I called Miller because I wanted to understand something very straightforward: For what products do we most depend on China, and for what products does China most depend on us?

According to Miller’s data, America’s deepest dependencies fit into two buckets. The first is typical family products. As a share of all U.S. imports, China accounts for 99 percent of child safety seats with detachable hard shells, 96 percent of pet toys, 95 percent of cooking appliances, 93 percent of children’s coloring books, 88 percent of microwave ovens, and more than 70 percent of toys for children under 12. Altogether, these imports amount to many billions of dollars of annual spending. “These items simply will not be available or they’re going to double in price,” Miller said.

The pain of a trade war over toys would not be trivial. The toy-and-hobby industry supports about 400,000 to 600,000 jobs in the U.S., mostly in warehousing and retail. But more than 80 percent of toys are still made in China, because of the country’s ability to combine a wide range of industrial functions—textile production, plastic molding, electronic manufacturing, and safety testing—all at scale. “I think what the American consumer will discover very quickly is how dependent we are on China for a lot of these items,” Miller said.

The second category of Chinese dominance is in metals and electronics, which are imperative for U.S. manufacturing and energy. China is the world leader in smartphone production. The country accounts for 50 percent or more of global processing for lithium, nickel, cobalt, and manganese, which are necessary for manufacturing batteries and other electronics. If China tightens its export controls, the U.S. could quickly see surging prices for batteries and grid storage, which would raise energy prices and significantly drive up the cost of electric vehicles.

America exports more than $100 billion worth of goods to China as well. This makes China somewhat dependent on America, but it also makes some U.S. industries dependent on China. As a share of global exports, China buys 89 percent of America’s grain sorghum and 52 percent of its soybeans. It buys more than 70 percent of our frozen-pig-organ exports and more than 20 percent of our frozen beef. It buys 51 percent of our optical instruments for inspecting and making computer chips and 32 percent of our semiconductor processors.

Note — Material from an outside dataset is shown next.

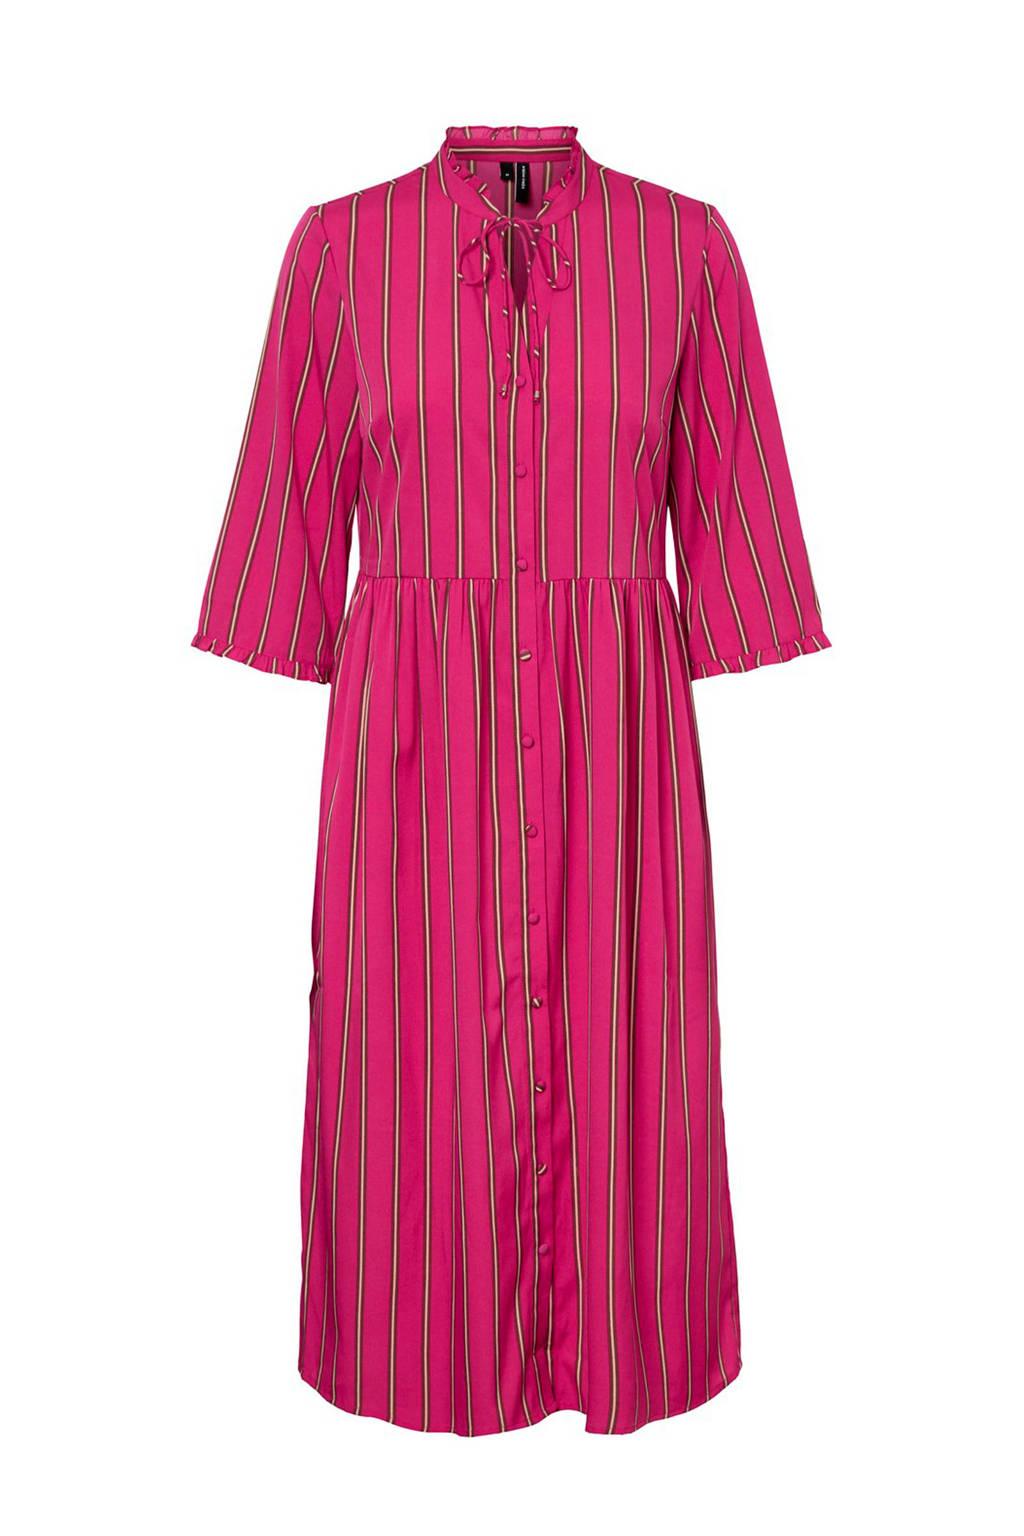 VERO MODA gestreepte blousejurk lang, Roze/wit
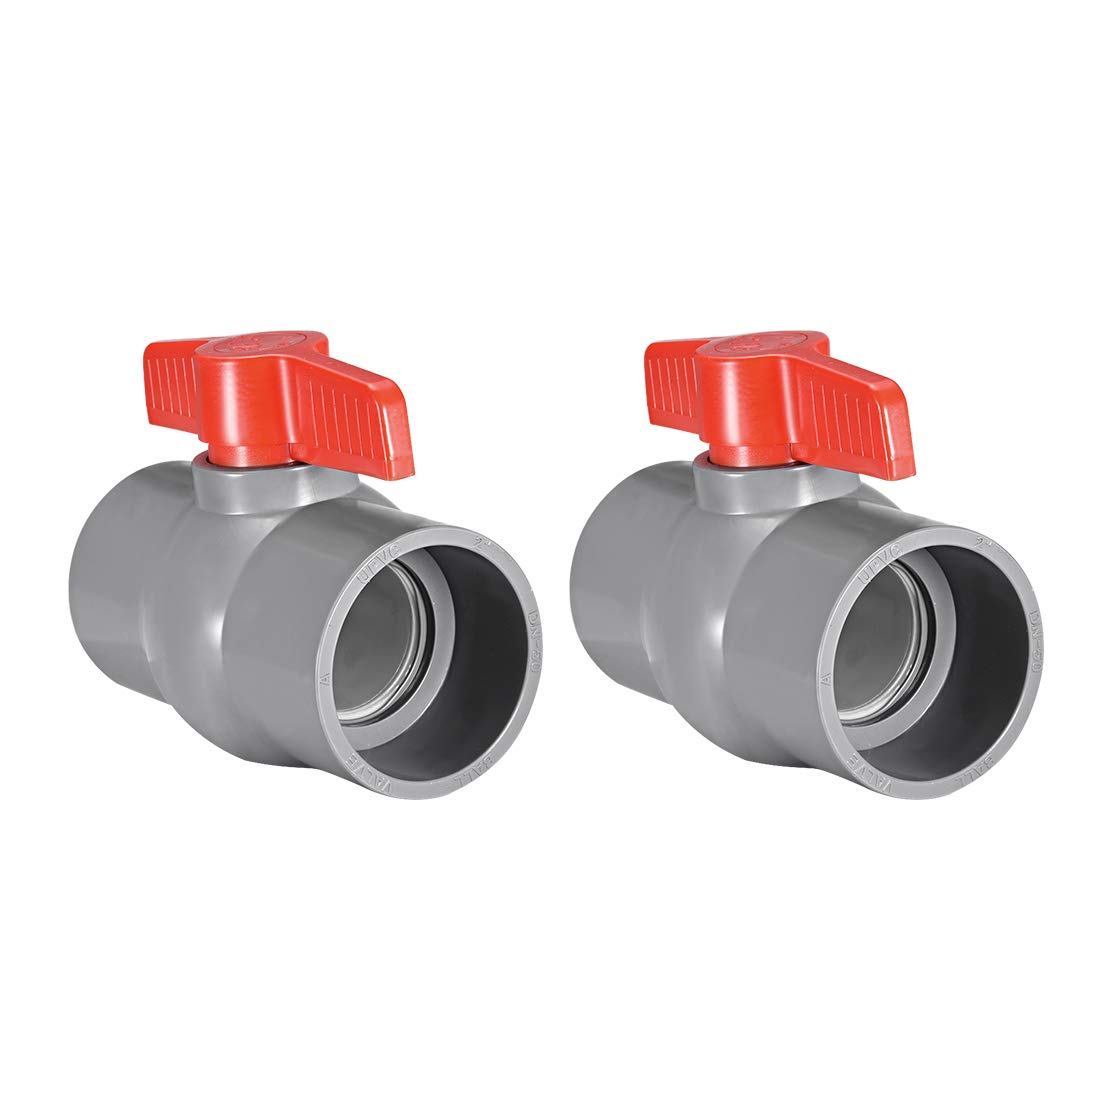 sourcing map 2Stk PVC Kugelhahn Wasserversorgungsrohr Gleitkanten 2 Innenlochdiameter Rot Grau

These figures reveal a dangerous asymmetry. Although the U.S. can’t substitute China’s toy and electronics manufacturing—there really isn’t another country that can produce so many toys or phones so efficiently—China would have an easier time shifting its supply chains to make up for a trade war with the U.S. “The Chinese can turn around and buy semiconductor-manufacturing equipment from Japan or Europe,” Miller said. China could import more of its soybeans from countries such as Brazil. Many American farmers would be “wiped out” if billions of dollars of agricultural exports were erased from their books, and would require another round of bailouts. The cost of a trade war isn’t just the export income you sacrifice; it’s the higher spending required to shield Americans from the fallout.

A U.S. trade war with China would be a highly uncertain and chaotic affair. It could scramble global alliances, reshape international supply chains, and damage not only the countries on either end of the war but also the entire planet’s economy. But the U.S. has special reason to fear the outcome. China is a choke point on the global manufacture of some of the world’s most important metals and machines—including the very metals and machines that the U.S. needs in order to rebuild its industrial base.